Utilizando os valores presentes na configuração das amostras, combinados com nosso entendimento sobre sua finalidade, aplicamos modelagem em grafos para obter informações sobre a estrutura do ecossistema do Amadey. Em uma primeira análise da Figura 6, observamos claramente que não existe uma infraestrutura compartilhada, mas sim diversos subgrupos de botnets menores, com um deles claramente dominante. Analisaremos esse maior cluster em mais detalhes na próxima seção.
Para concluir, os principais pontos são:
- Identificamos um total de 53 clusters únicos dentro do ecossistema do Amadey.
- Cada valor sd está associado a exatamente uma chave RC4.
- As chaves RC4 provavelmente funcionam como identificadores úteis de afiliados, pois as recompilações mantêm a chave enquanto alteram o valor sd.
- O componente <random_path> da URL C&C é ocasionalmente reutilizado durante a troca de servidores C&C, servindo como uma evidência confiável de que esses servidores pertencem ao mesmo cluster.
O maior cluster de botnet do Amadey
Um cluster se destaca como o maior, sendo responsável por quase 34% de todas as amostras do Amadey processadas. Esse cluster também foi o único que permaneceu ativo durante todo o período analisado, conforme apresentado na nossa linha do tempo na Figura 7.
A maior botnet também predominou em relação ao número médio de cargas maliciosas distribuídas às vítimas por execução. Com base em nossa metodologia de agrupamento, as amostras do Amadey pertencentes à maior botnet distribuíram, em média, cerca de 14 cargas maliciosas simultaneamente para cada vítima (Figura 8).
A variedade e a diversidade das famílias de malware distribuídas eram amplas, incluindo desde infostealers e RATs até malwares protegidos por mecanismos complexos de proteção de código. A Figura 9 apresenta uma visão geral das cargas maliciosas que identificamos sendo distribuídas durante o período de monitoramento.

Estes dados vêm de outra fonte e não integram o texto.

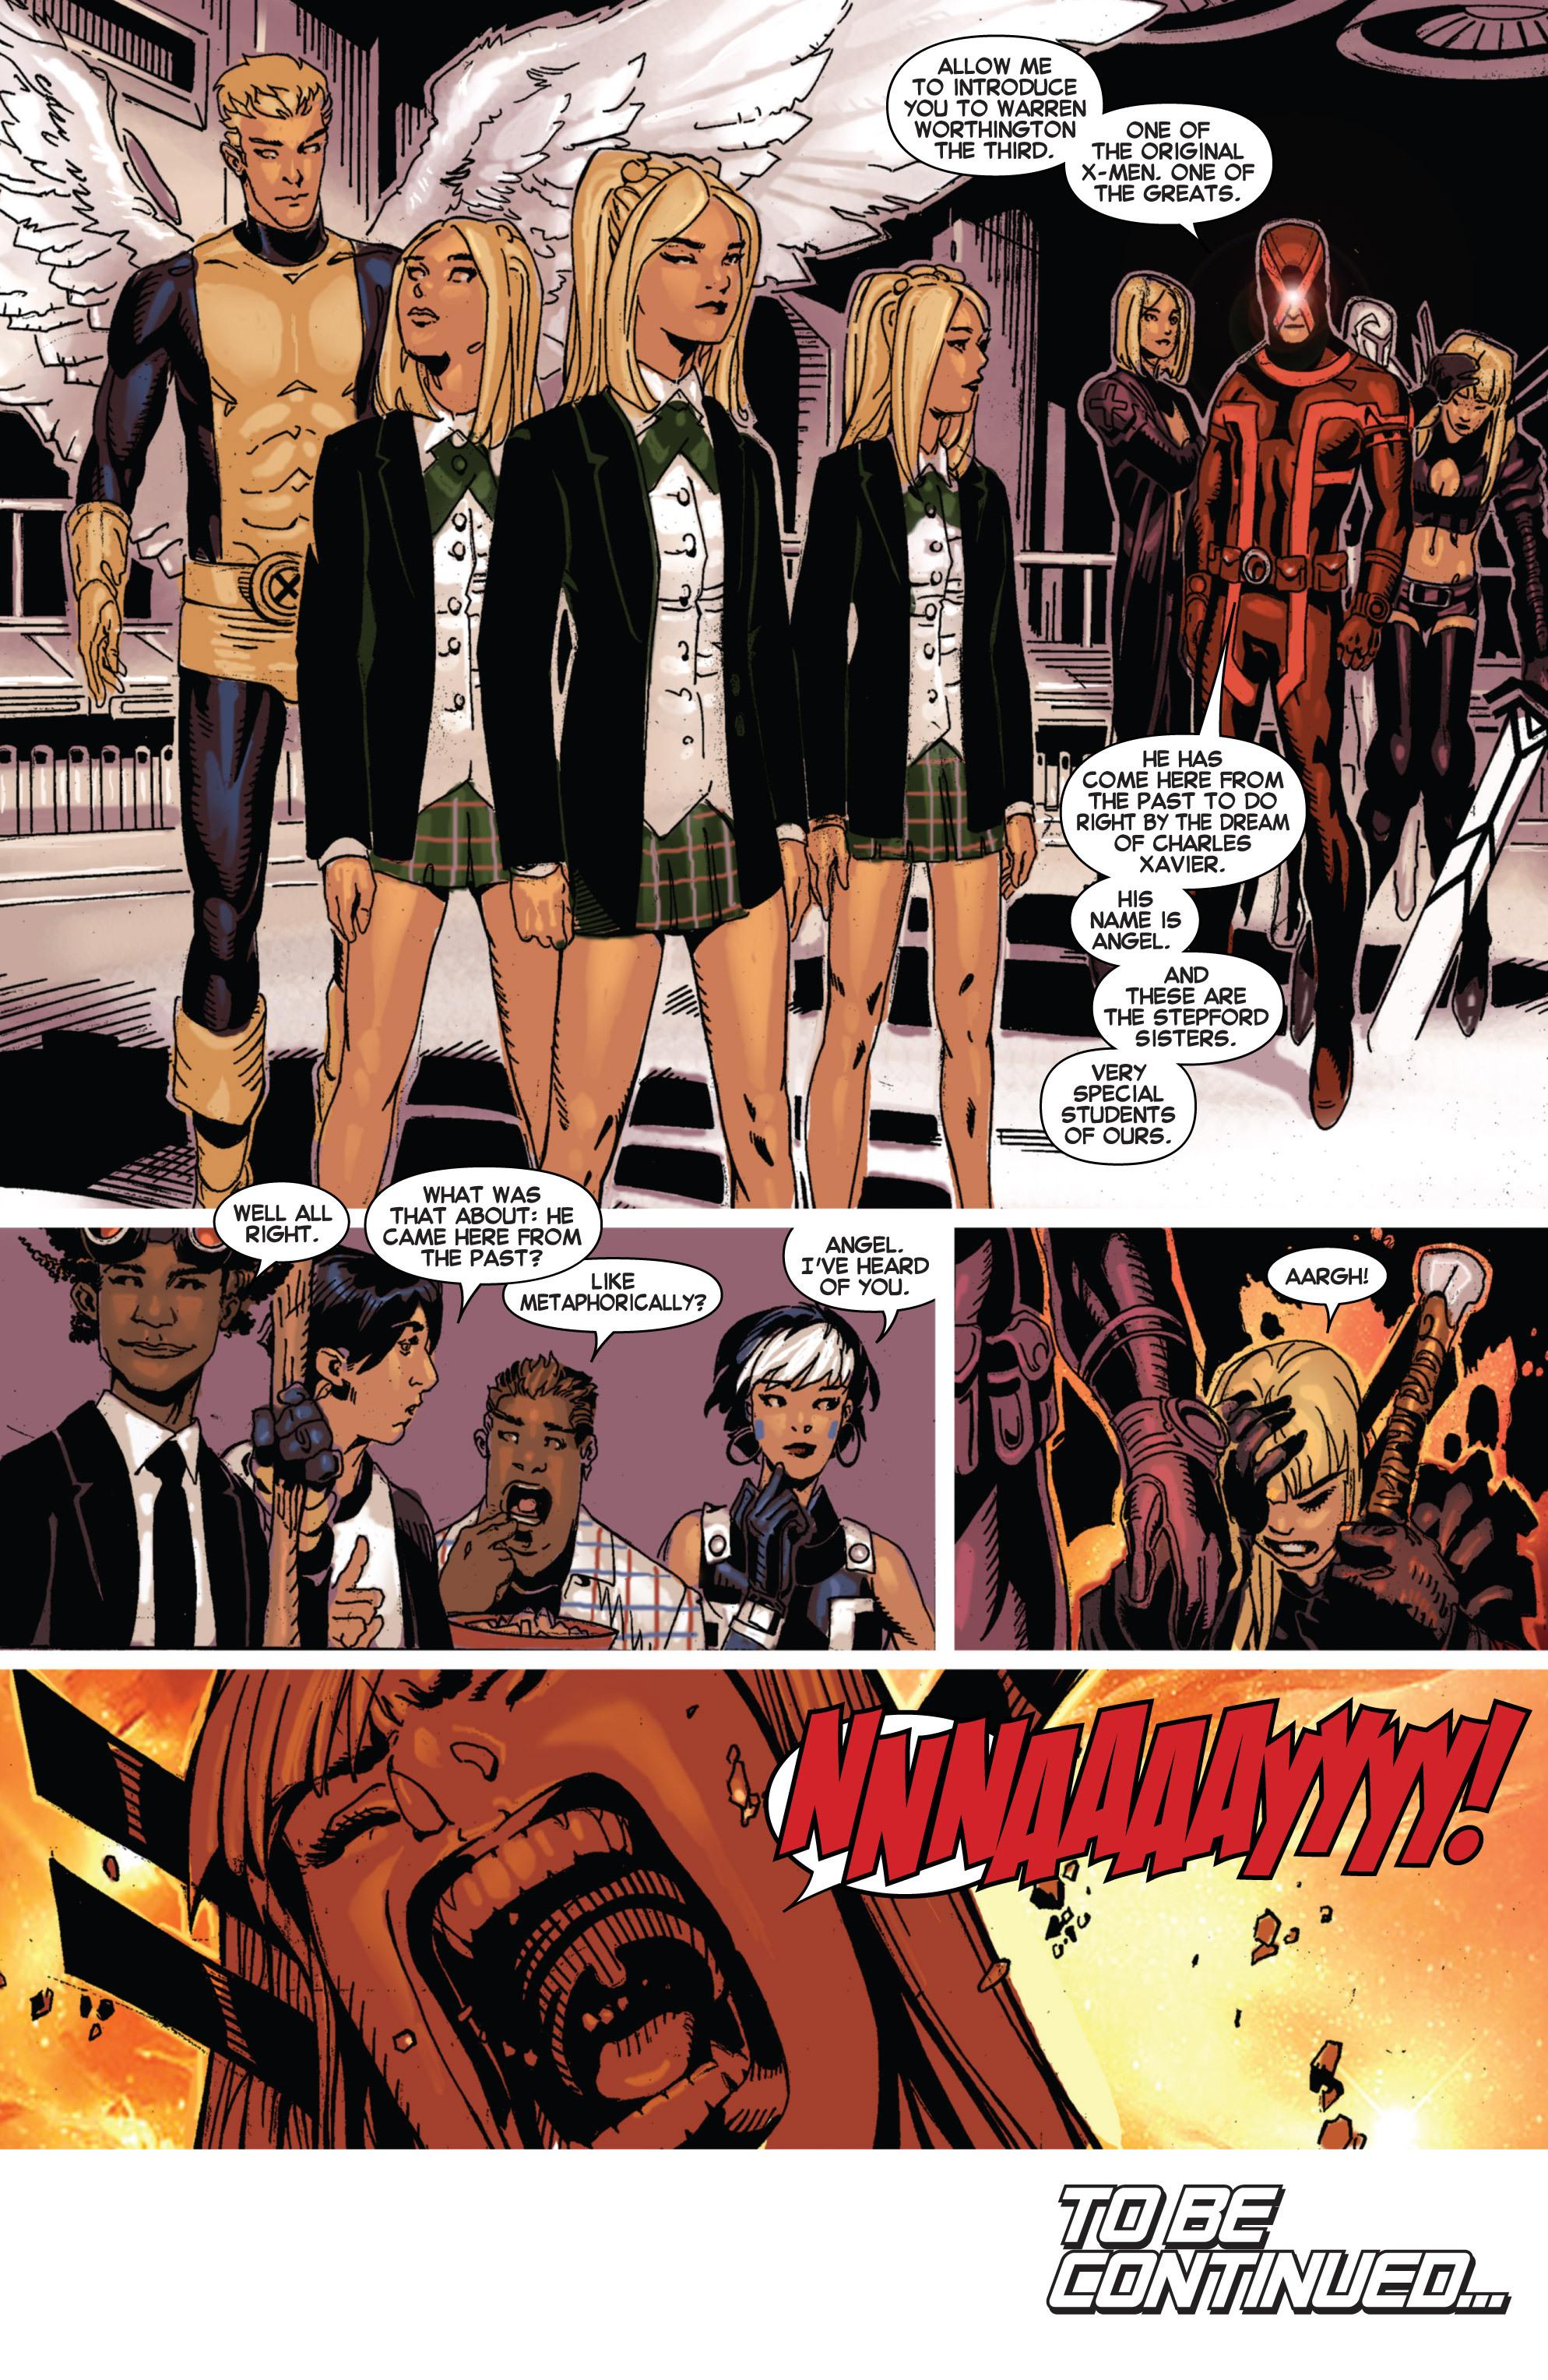 Read online Uncanny X-Men (2013) comic -  Issue # _TPB 1 - Revolution - 83

Além disso, a equipe de pesquisa da ESET obteve evidências de que, em muitas ocasiões, múltiplas amostras do Lumma Stealer foram distribuídas para uma única vítima, cada uma atribuída a um afiliado diferente (consulte nossa pesquisa anterior sobre o Lumma Stealer). Como resultado, vários afiliados do Lumma Stealer acabavam tendo acesso aos mesmos dados roubados. Essa observação nos leva a concluir que os cibercriminosos responsáveis por controlar esse maior cluster provavelmente operavam seu próprio modelo de pay-per-install (PPI), monetizando ainda mais suas botnets.
Stealc
Diferentemente do Amadey, o Stealc é um representante típico de um infostealer. Ele tem como alvo uma ampla variedade de fontes de dados, incluindo credenciais armazenadas por navegadores, clientes de e-mail, clientes FTP, plataformas de jogos, arquivos de carteiras de criptomoedas e extensões de navegadores.
O Stealc foi apresentado em um fórum da darknet em fevereiro de 2023, e iniciamos seu monitoramento pouco depois. Nossa taxa de detecção de telemetria, apresentada na Figura 10, indica que o Stealc foi distribuído globalmente, sem um foco regional específico. As maiores taxas de detecção foram observadas nos Estados Unidos, na Polônia e na Itália.

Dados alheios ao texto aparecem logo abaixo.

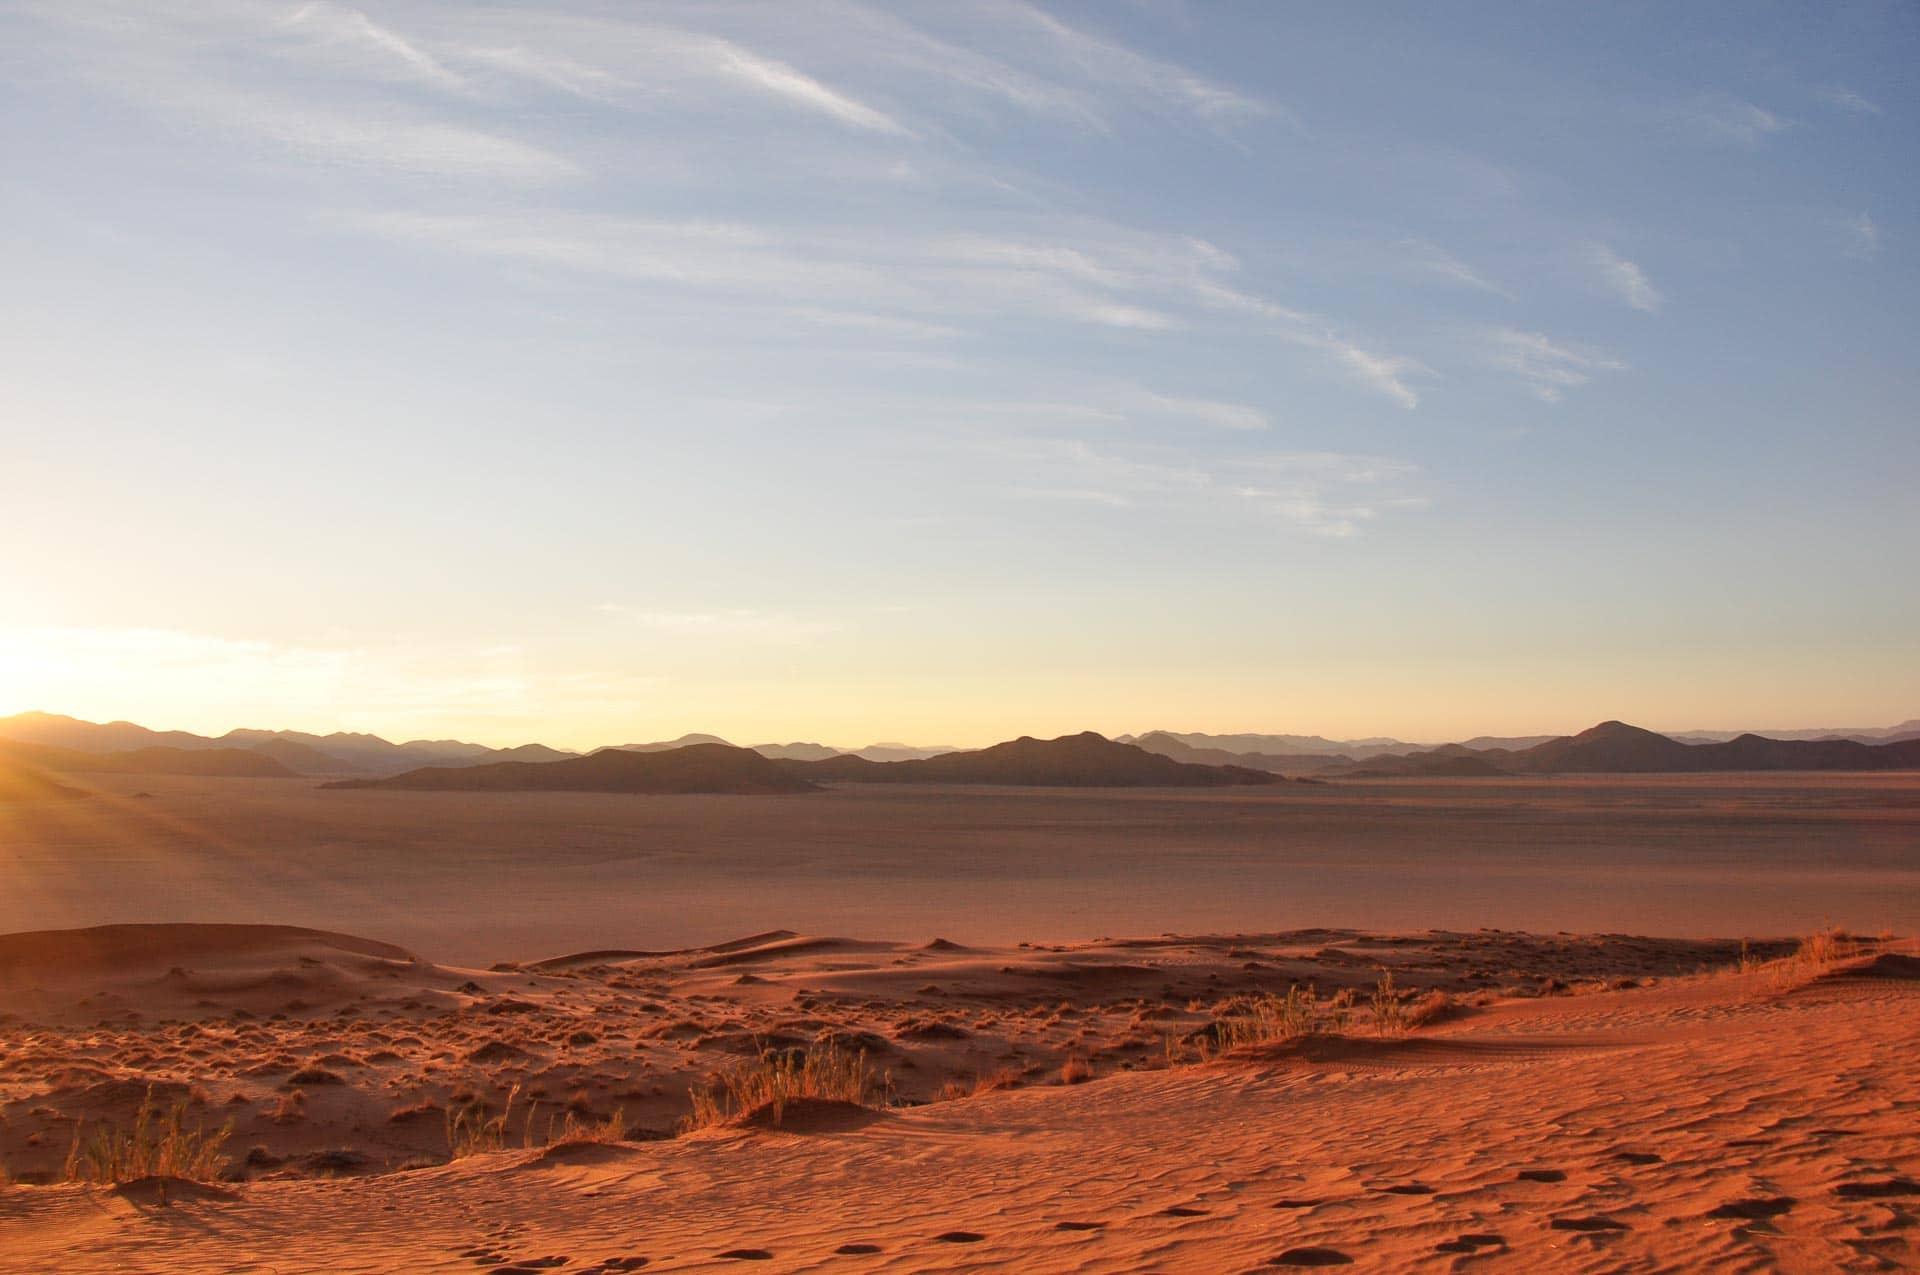 Kanaan-Desert-Retreat-Namibia-Globetrotter-Select-28

O Stealc é anunciado por um agente de ameaça que utiliza o pseudônimo plymouth. Os operadores mantiveram o Stealc ativamente, divulgando notas de atualização em uma publicação de fórum da darknet sempre que uma nova versão era lançada. Nos últimos três anos, foram registradas 37 versões.
O Stealc é vendido como uma assinatura mensal, com preços que sofreram poucas alterações:
- US$ 300 por mês;
- US$ 700 por três meses;
- US$ 1.000 por seis meses.
Em março de 2025, o Stealc recebeu uma grande atualização arquitetural com a versão 2, introduzindo mudanças significativas no protocolo de rede e na estrutura de configuração. Desde então, essa versão passou a dominar nossa telemetria. Em junho de 2026, ela havia alcançado a versão 2.22.1, conforme apresentado na Figura 11.
Além de seus principais alvos, o Stealc inclui um coletor de arquivos (file grabber) configurável, que permite aos afiliados definir padrões personalizados para identificar arquivos que devem ser exfiltrados de máquinas comprometidas. Suas comunicações C&C e cadeias de texto incorporadas são protegidas por criptografia RC4 com chaves específicas para cada compilação.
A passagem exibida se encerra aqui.